- Work instruction:
Here, set down only the lines between the line that contains "Used G&D MultiPower-12, We" and the final line of the material, both included, exactly as written. Skip the pictures.

- The data:
* * *
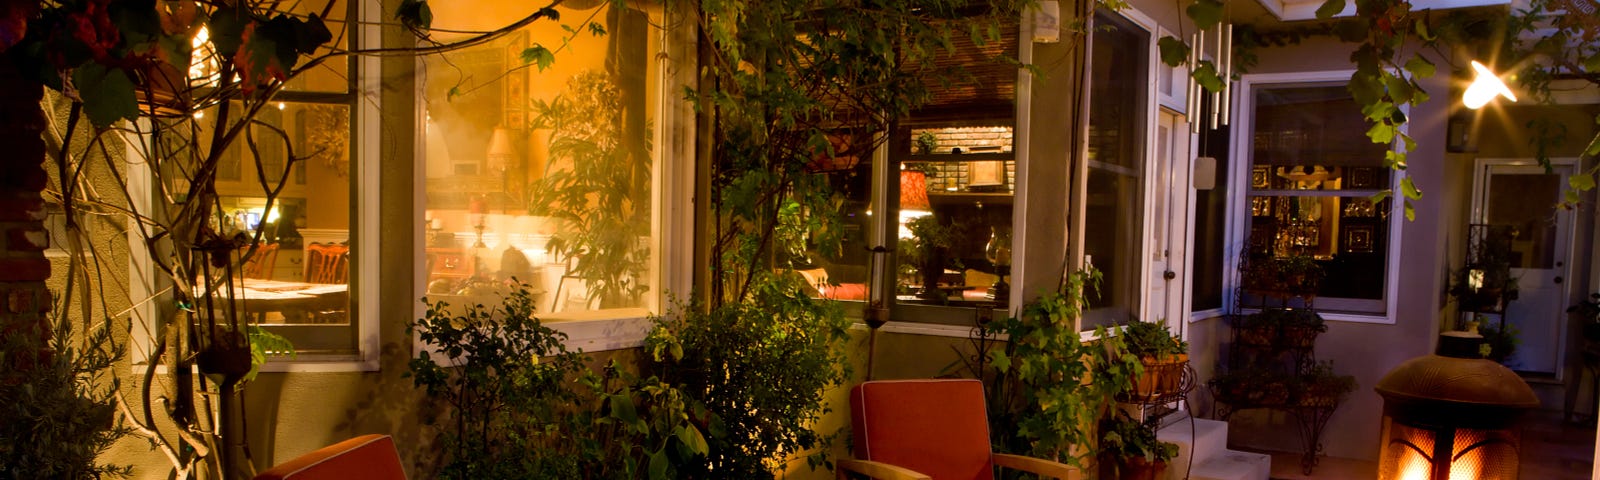 An evening Patio with a glowing warm light from the window
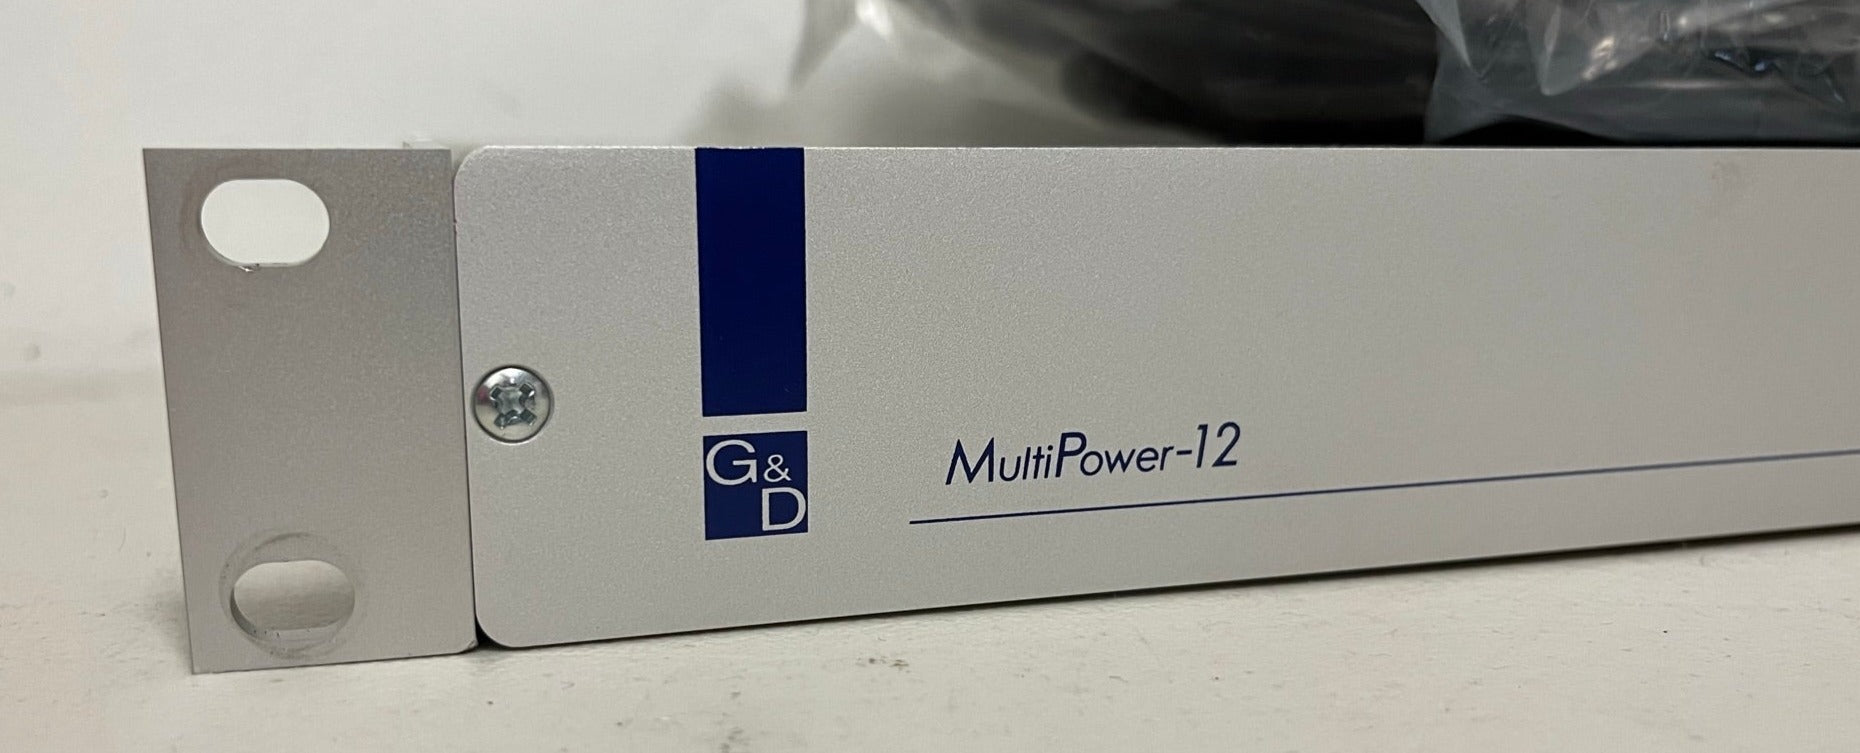 Used G&D MultiPower-12, We Sell Professional Audio Equipment. Audio Systems, Amplifiers, Consoles, Mixers, Electronics, Entertainment, Sound, Live.
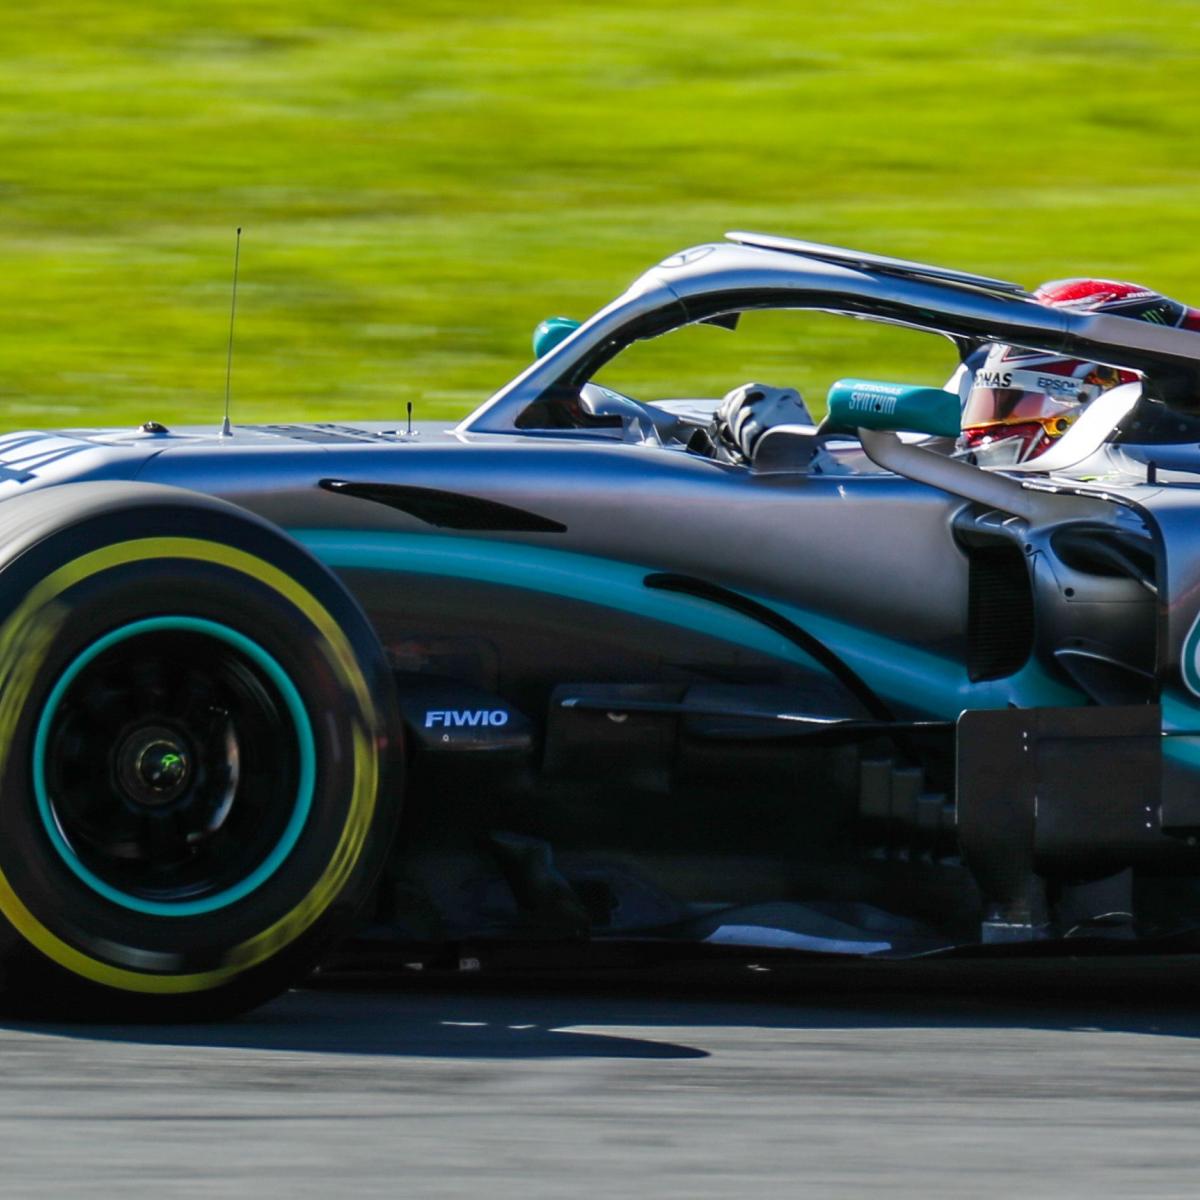 Australian F1 Grand Prix 2019: Time, Drivers, TV Schedule and More | Bleacher Report | Latest News, and Highlights
* * *
- Answer for this exercise:
 Used G&D MultiPower-12, We Sell Professional Audio Equipment. Audio Systems, Amplifiers, Consoles, Mixers, Electronics, Entertainment, Sound, Live.
 Australian F1 Grand Prix 2019: Time, Drivers, TV Schedule and More | Bleacher Report | Latest News, and Highlights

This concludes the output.